About the USA Triathlon Foundation
The USA Triathlon Foundation is a 501(c)(3) non-profit organization and the charitable arm of USA Triathlon.  With its mission to transform lives through sport by providing opportunities to swim, bike and run, the Foundation serves to generate a greater impact on the multisport community through charitable giveback and grants that advance the Foundation’s three pillars: (1) Encourage youth participation; (2) Inspire adaptive athletes; and (3) Ignite Olympic/Paralympic dreams. Since the Foundation was established in 2014, it has provided millions of dollars in grants to organizations and individuals in pursuit of its mission and pillars to create a healthier United States through triathlon.

About USA Triathlon
USA Triathlon is proud to serve as the National Governing Body for triathlon, as well as duathlon, aquathlon, aquabike, winter triathlon, off-road triathlon, paratriathlon, and indoor and virtual multisport events in the United States. Founded in 1982, USA Triathlon sanctions more than 4,000 races and connects with more than 400,000 members each year, making it the largest multisport organization in the world.
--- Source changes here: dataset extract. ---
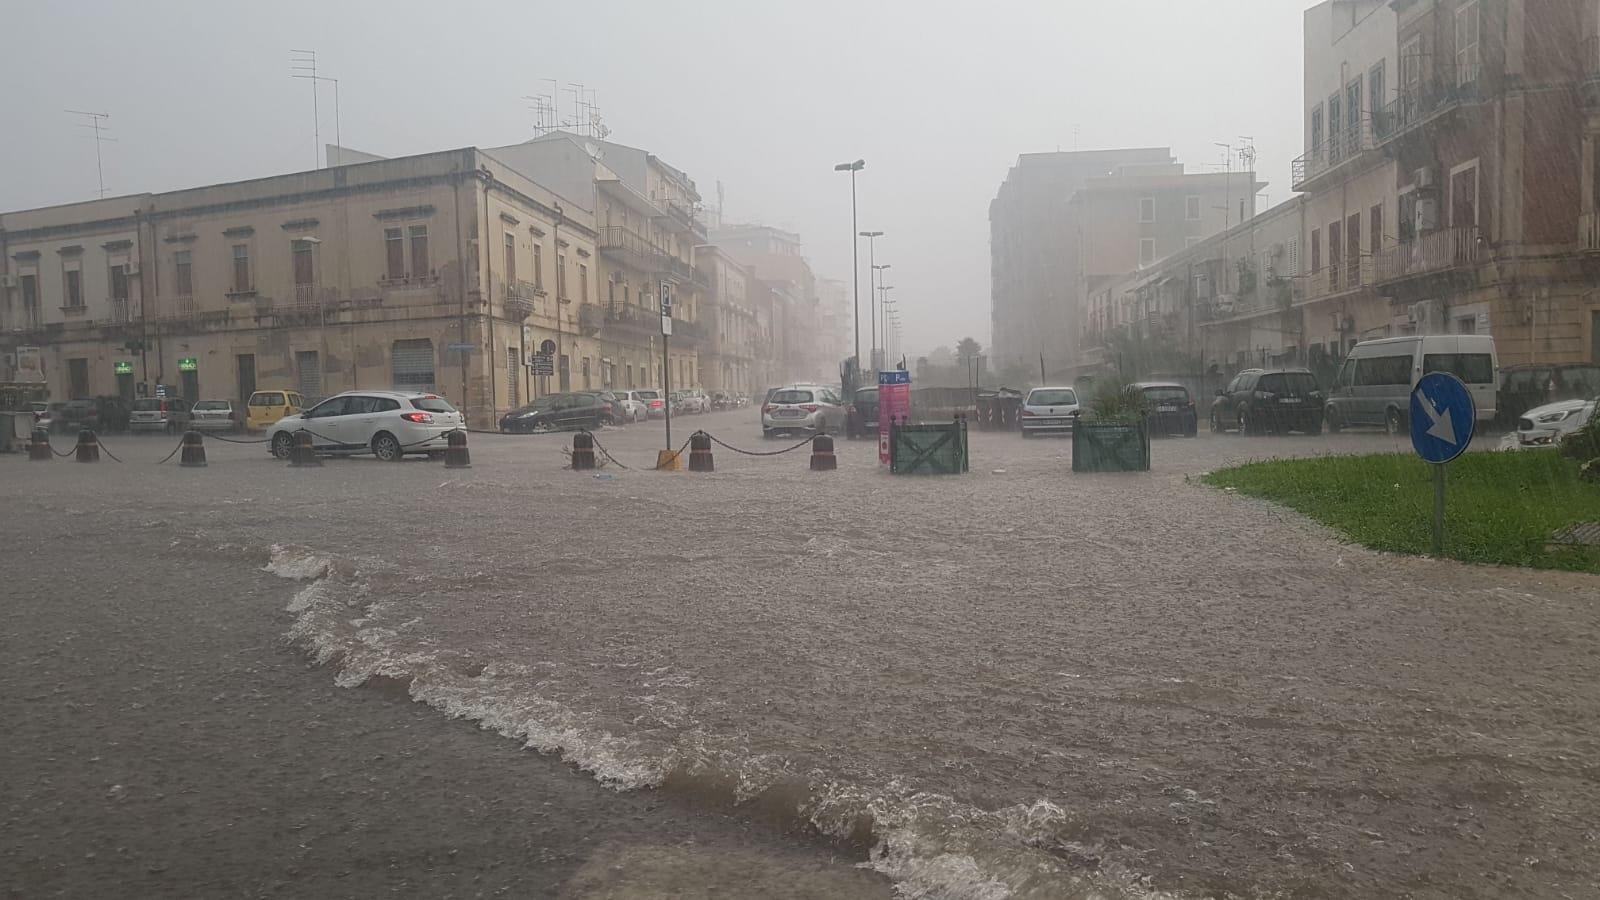 Bomba d'acqua su Siracusa : strade allagate, disagi e traffico in tilt. LE  IMMAGINI – SiracusaOggi.it

In addition to its work at the grassroots level with athletes, coaches, and race directors — as well as the USA Triathlon Foundation — USA Triathlon provides leadership and support to elite athletes competing at international events, including World Triathlon Championships, Pan American Games and the Olympic and Paralympic Games. USA Triathlon is a proud member of World Triathlon and the United States Olympic & Paralympic Committee (USOPC).